» DATA SHOWN:
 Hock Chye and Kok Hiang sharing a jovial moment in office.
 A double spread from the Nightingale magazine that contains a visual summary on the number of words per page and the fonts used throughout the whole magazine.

...

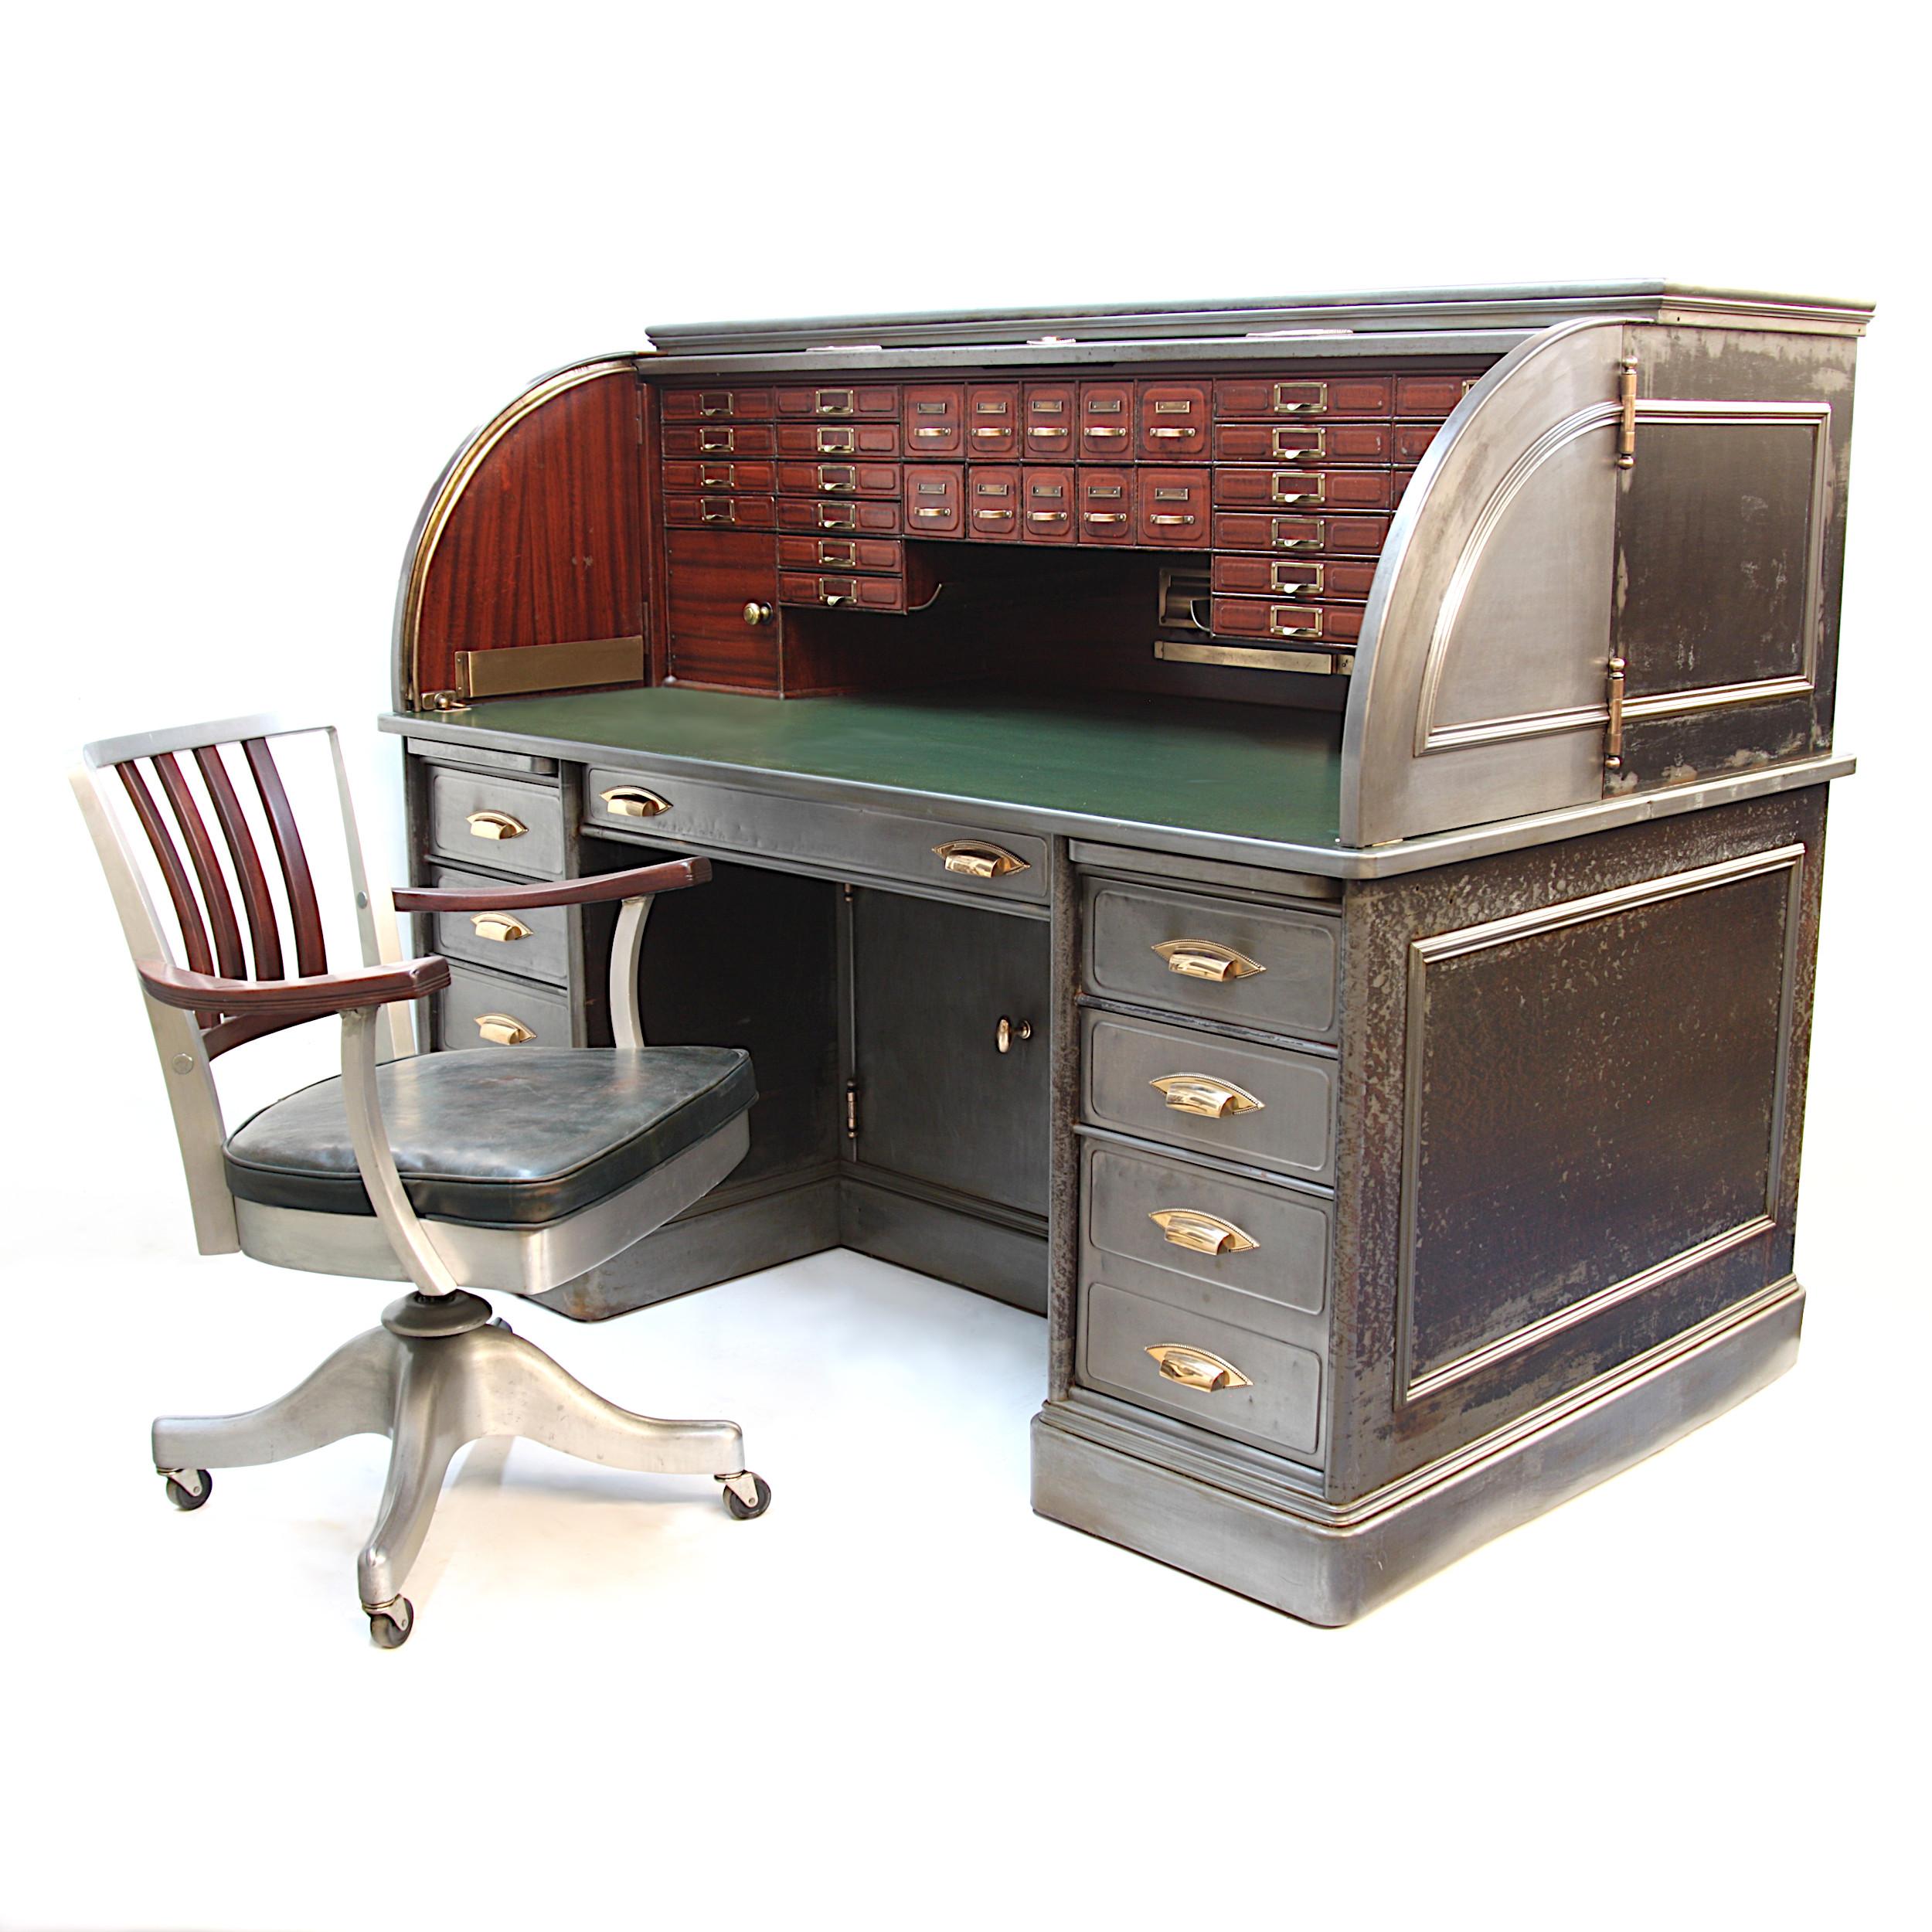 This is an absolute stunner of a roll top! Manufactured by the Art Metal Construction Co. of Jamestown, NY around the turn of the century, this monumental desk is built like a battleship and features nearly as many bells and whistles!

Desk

» WORK INSTRUCTION: Taking the entries above, print exactly the lines starting at the line with "Hock Chye and" and ending at the line with "A double spread", both included.

» TASK RESPONSE:
 Hock Chye and Kok Hiang sharing a jovial moment in office.
 A double spread from the Nightingale magazine that contains a visual summary on the number of words per page and the fonts used throughout the whole magazine.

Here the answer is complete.